关于LeetCode中Remove Nth Node From End of List一题的理解

题目如下：

Given a linked list, remove the nth node from the end of list and return its head.

For example,

   Given linked list: 1->2->3->4->5, and n = 2.

After removing the second node from the end, the linked list becomes 1->2->3->5.

Note:

Given n will always be valid.

Try to do this in one pass.

    题目要求删除倒数第n个链表元素，通过设置一个静态变量，然后使用递归我们很轻易地就能解决。唯一可能出现的问题在于LeetCode的judger可能对含有静态变量的函数出现误判的情况，具体情况可以看这里：https://leetcode.com/faq/#different-output。解决方案就是加一个默认构造器即可，关于java的默认构造器可以看看这篇文章：http://www.2cto.com/kf/201311/255432.html。好了，直接上已Accepted的代码：

public class Solution {
static int count;
public Solution(){
count=1;
}
public ListNode removeNthFromEnd(ListNode head, int n) {
if(head==null){
return null;
}
head.next = removeNthFromEnd(head.next,n);
if(count==n){
head = head.next;
}
count++;
return head;
}
}    这道题是有Editorial Solution的，Editorial Solution的牛逼之处在于它没有使用静态变量，地址在这里，里面附有详细的解释：https://leetcode.com/articles/remove-nth-node-end-list/。

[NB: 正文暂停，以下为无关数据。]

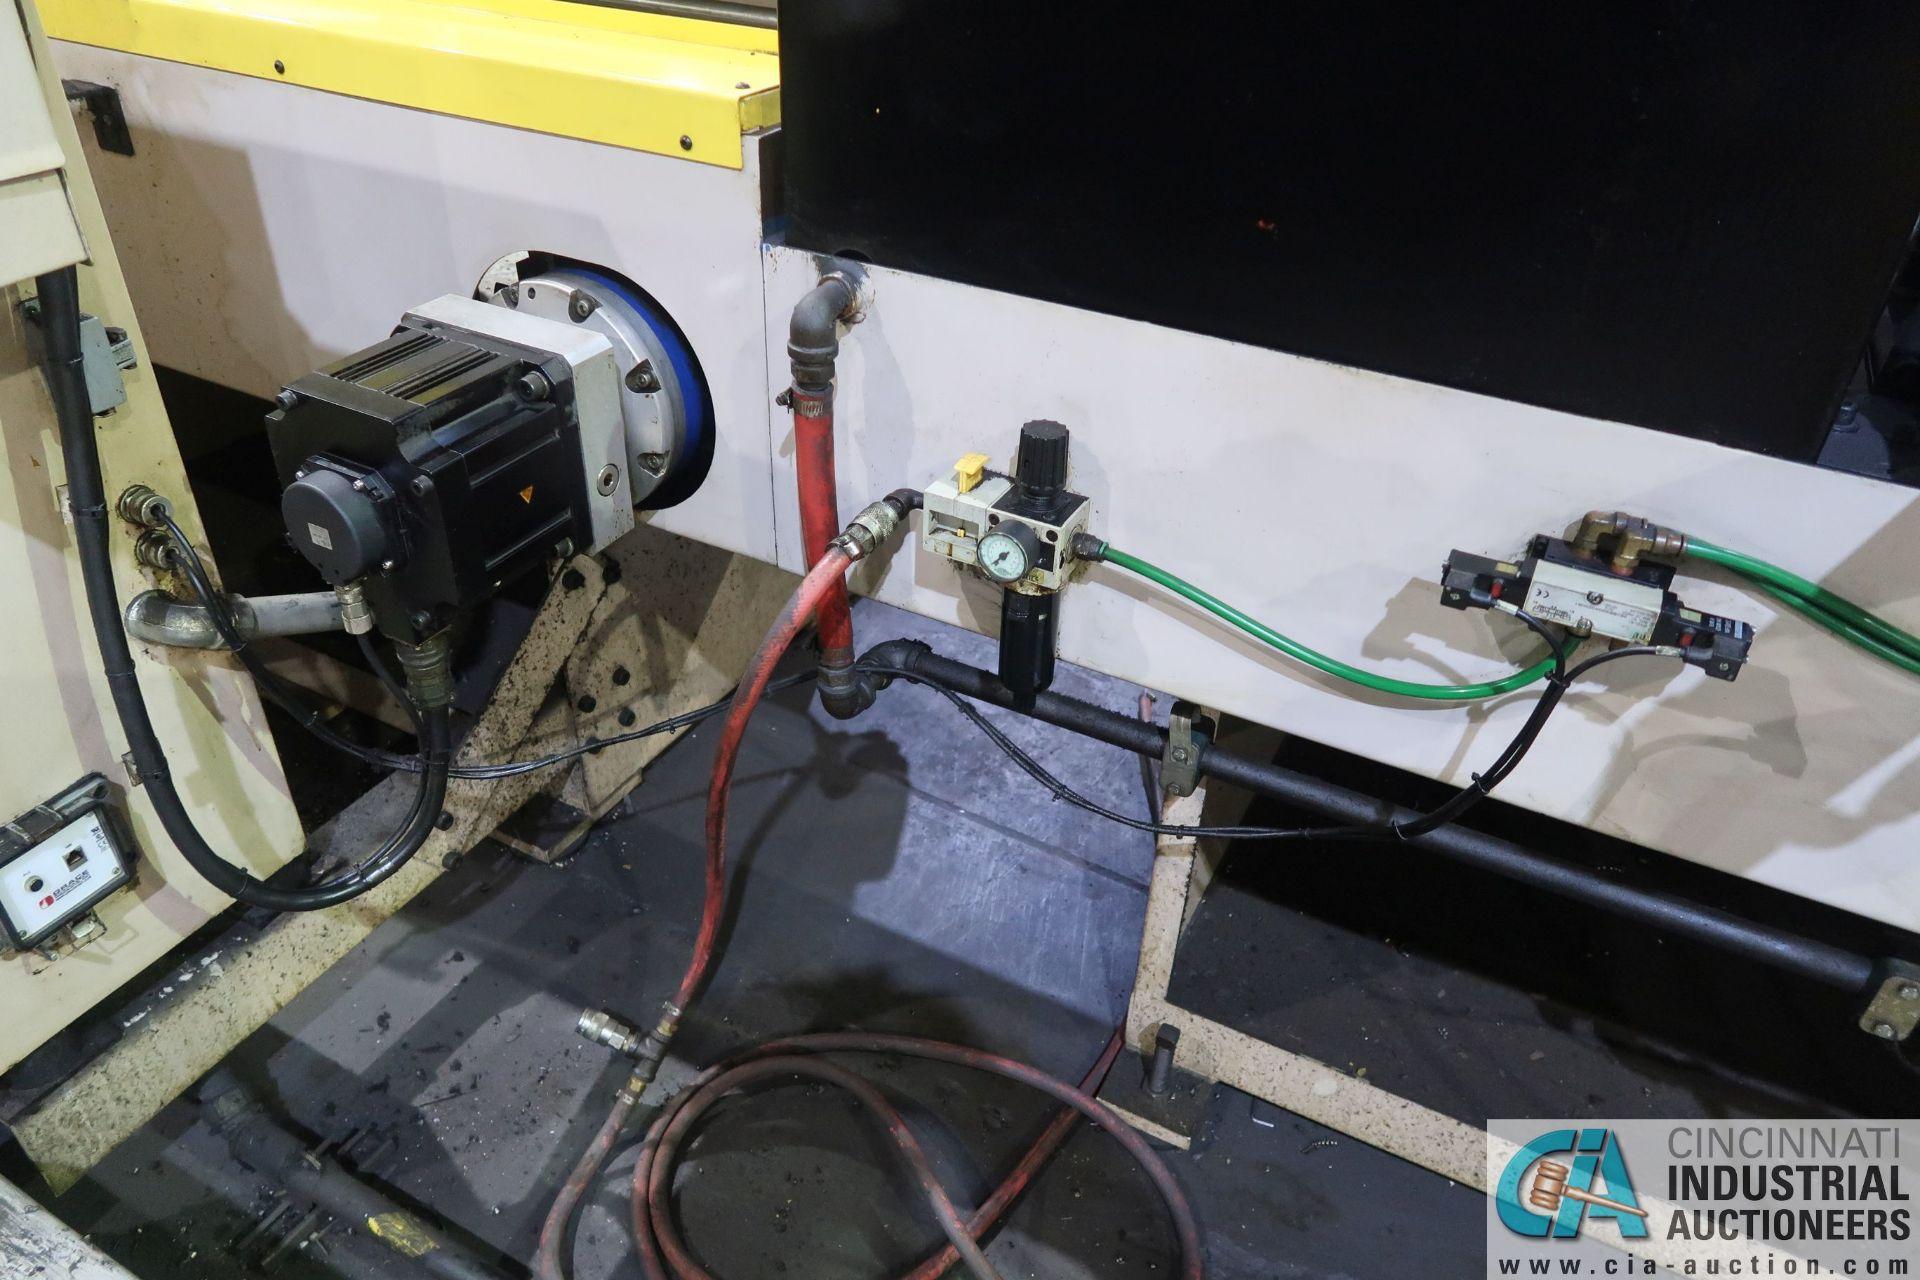 OHIO TOOL MODEL OTW-1000-5-2M PROGRAMMABLE HORIZONTAL HONE; S/N 22945, 6.5' STROKE, 5 HP DRIVE ( - Image 16 of 20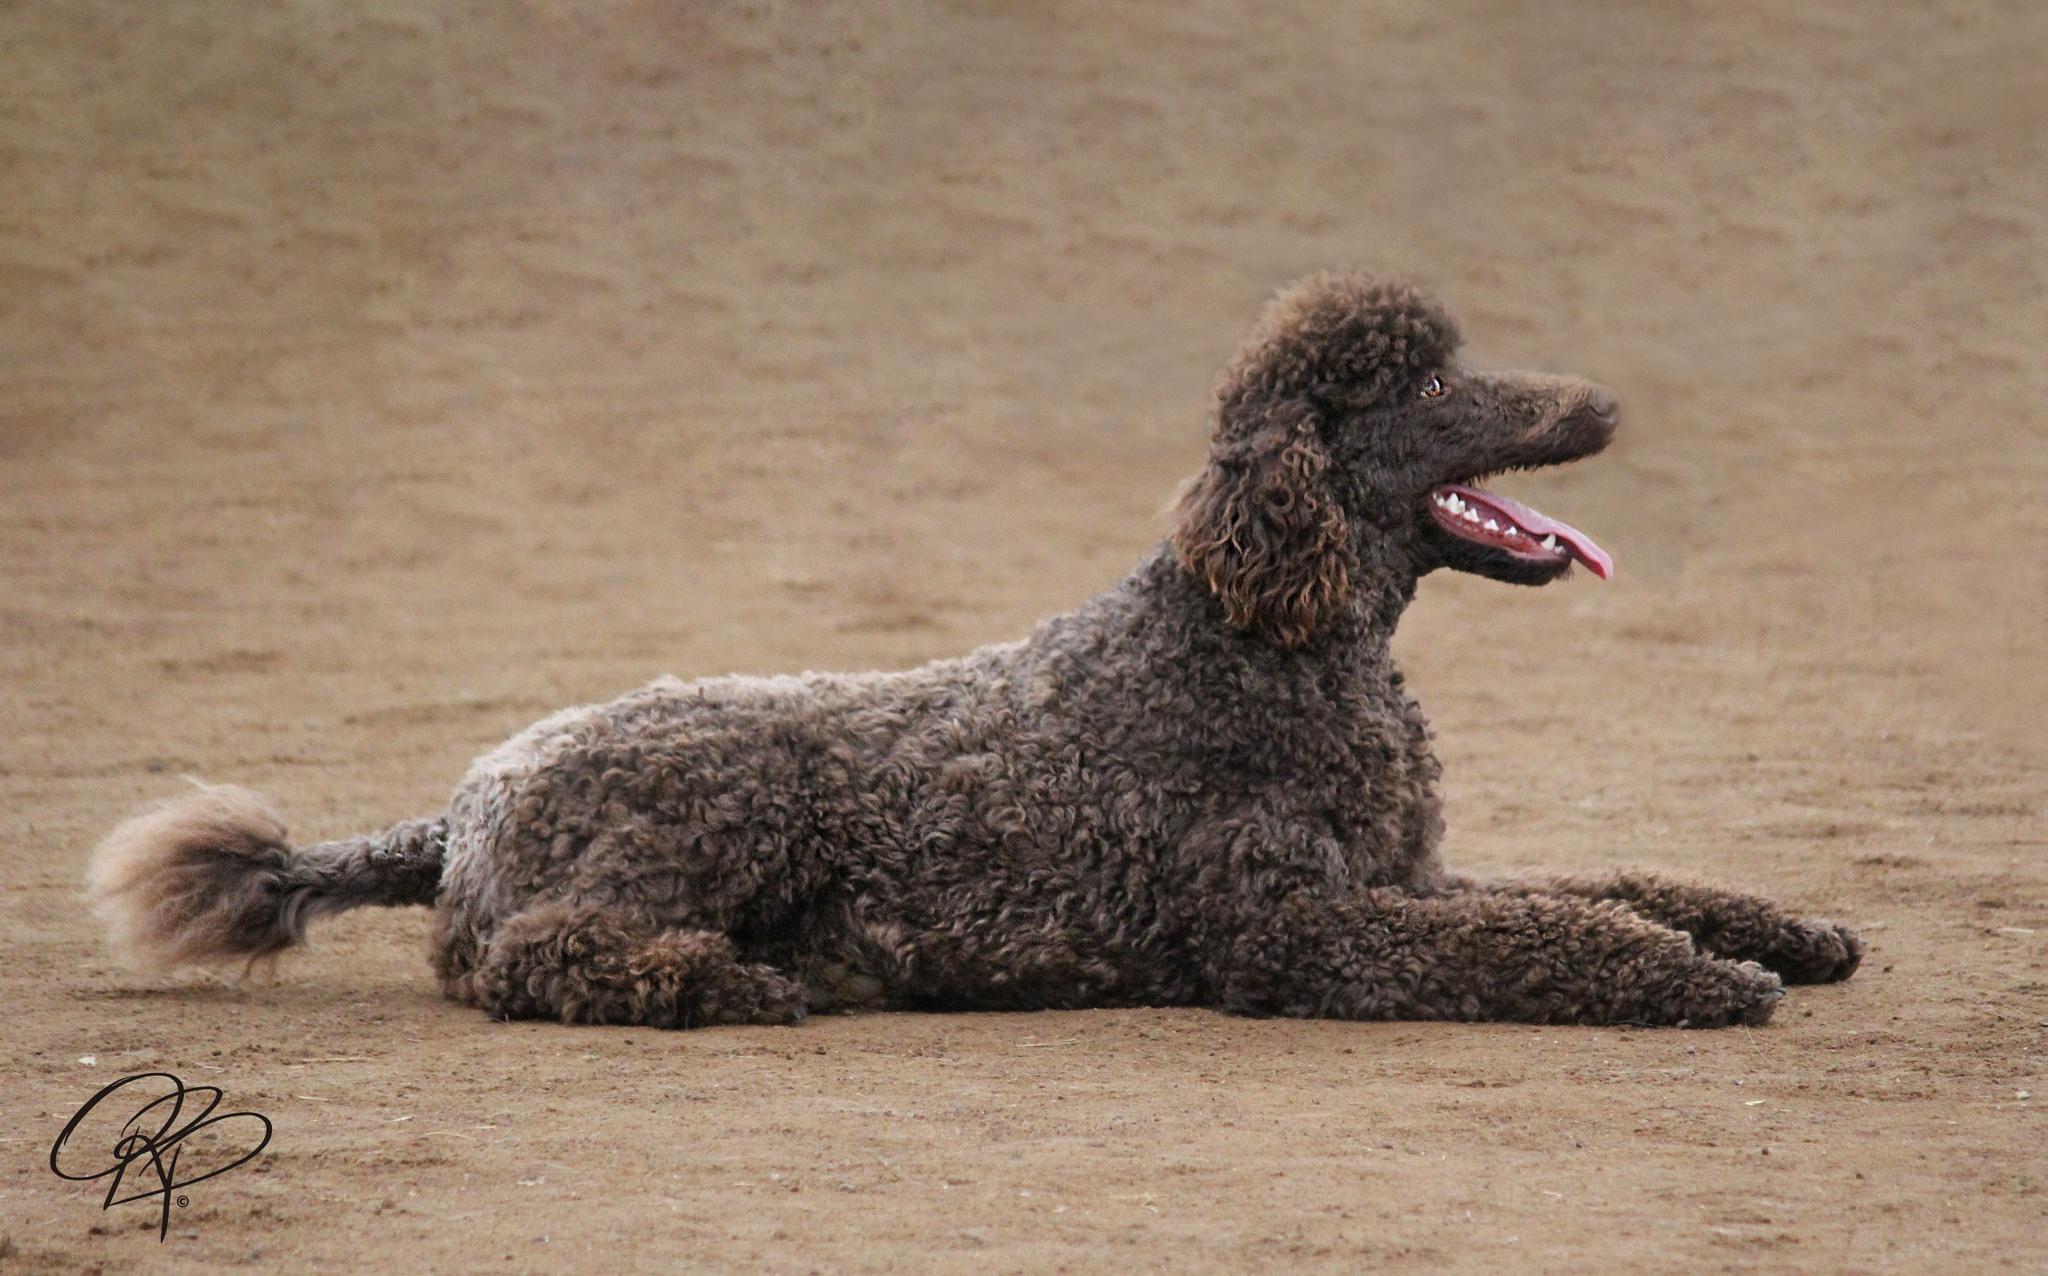 Poodle by ordinaryripple

    我这里先把它的两种方法代码放上去，具体解释可以看上面链接，第一种方法代码如下：

public ListNode removeNthFromEnd(ListNode head, int n) {
ListNode dummy = new ListNode(0);
dummy.next = head;
int length = 0;
ListNode first = head;
while (first != null) {
length++;
first = first.next;
}
length -= n;
first = dummy;
while (length > 0) {
length--;
first = first.next;
}
first.next = first.next.next;
return dummy.next;
}
    第二种方法代码如下：

public ListNode removeNthFromEnd(ListNode head, int n) {
ListNode dummy = new ListNode(0);
dummy.next = head;
ListNode first = dummy;
ListNode second = dummy;
// Advances first pointer so that the gap between first and second is n nodes apart
for (int i = 1; i <= n + 1; i++) {
first = first.next;
}
// Move first to the end, maintaining the gap
while (first != null) {
first = first.next;
second = second.next;
}
second.next = second.next.next;
return dummy.next;
}